Alternatively, we can use a hardcoded runtime.

Cost Function

Every agent evaluates a tract with a cost defined as

cost = 1 – (affordability × attractiveness × community)

Factor	Scale	Quick intuition
Affordability	0 or 1	1 if the tract still has room or the agent is randomly selected to be an inhabitants (weight scales with relative wealth); 0 otherwise.
Attractiveness	0–1	How nice the tract is to live in (see sub‑components below).
Community	0–1	How close the agent’s income is to the local average—closer ⇒ higher score.

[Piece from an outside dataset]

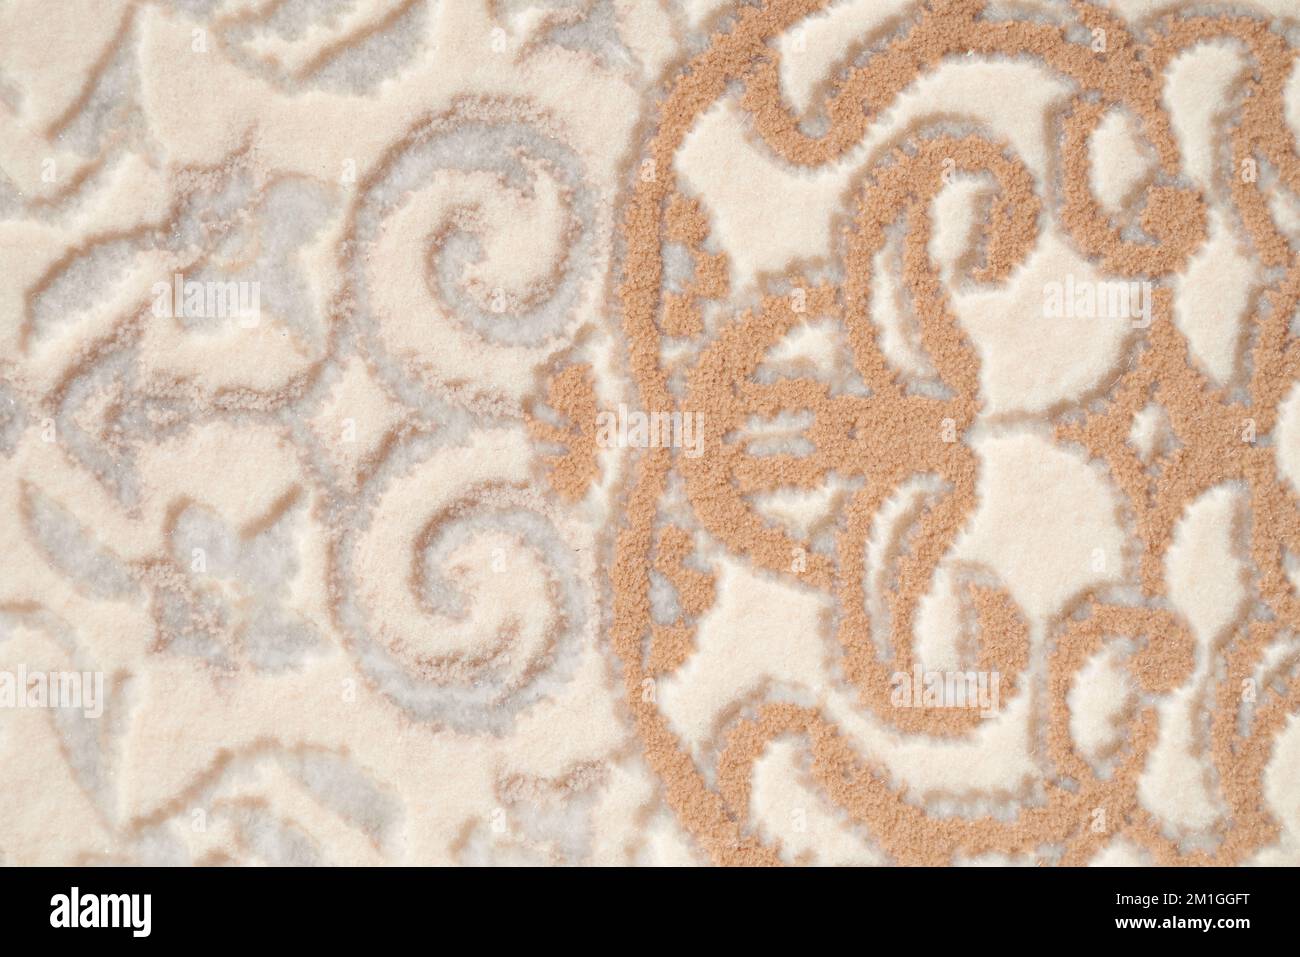 Fragment of decorative carpet fabric pattern, background photo texture. Close up of geometric beige and white short pile carpet ornament. Backgrounds and textures concept. Stock Photo
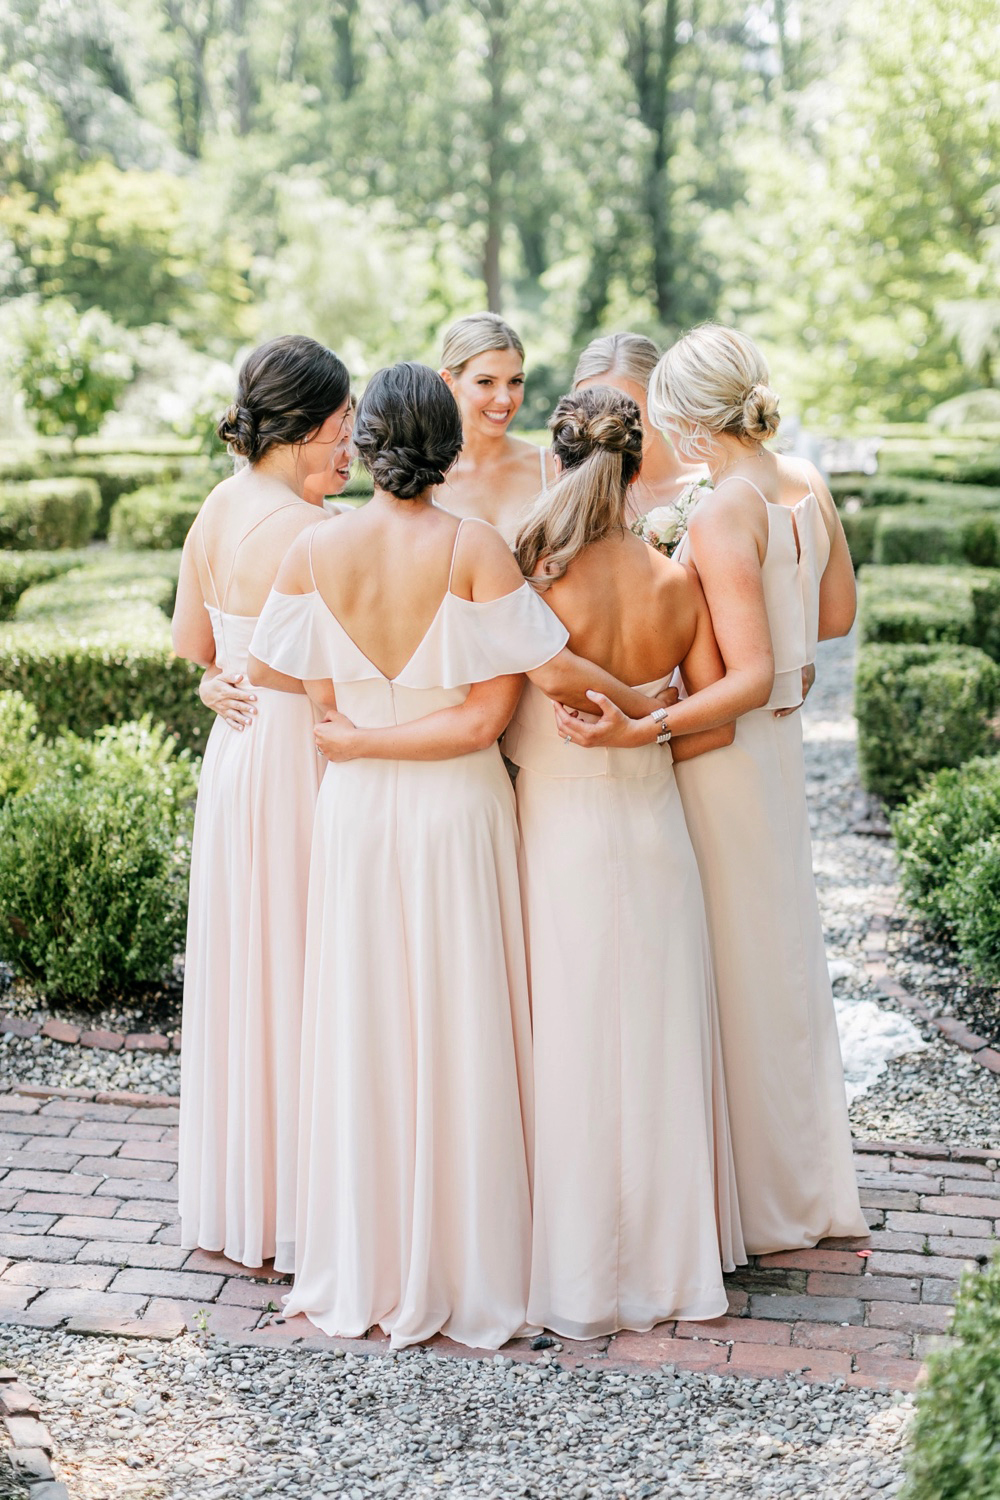 32 SneakPeek 079 Fine Art Wedding Photography Philadelphia Wedding Photography Pennsylvania Wedding Photographer Emily Wren Photography Light And Airy

Attractiveness = upkeep × amenity_access × beltline_factor

Sub‑component	Range	What it captures
Upkeep	0 or 1	0 if the tract is abandoned (no residents); 1 otherwise.
Amenity access	0–1	Density of key POIs (restaurants, shops, transit stops, etc) weighted by distance.
BeltLine factor β	≤ 1	Extra accessibility for tracts in the BeltLine zone: β = 1.00 at ≤ 800 m, tapering linearly to β = 0.917 (1.10/1.20) at 1.6 km, then β = 0.833 (1.0/1.20).

* Amenity list adapted from 24Sp‑Mobility‑Seg; we omit several tags such as “shed”, “guardhouse”, “ferry_terminal”, “garages”, and “bridge”.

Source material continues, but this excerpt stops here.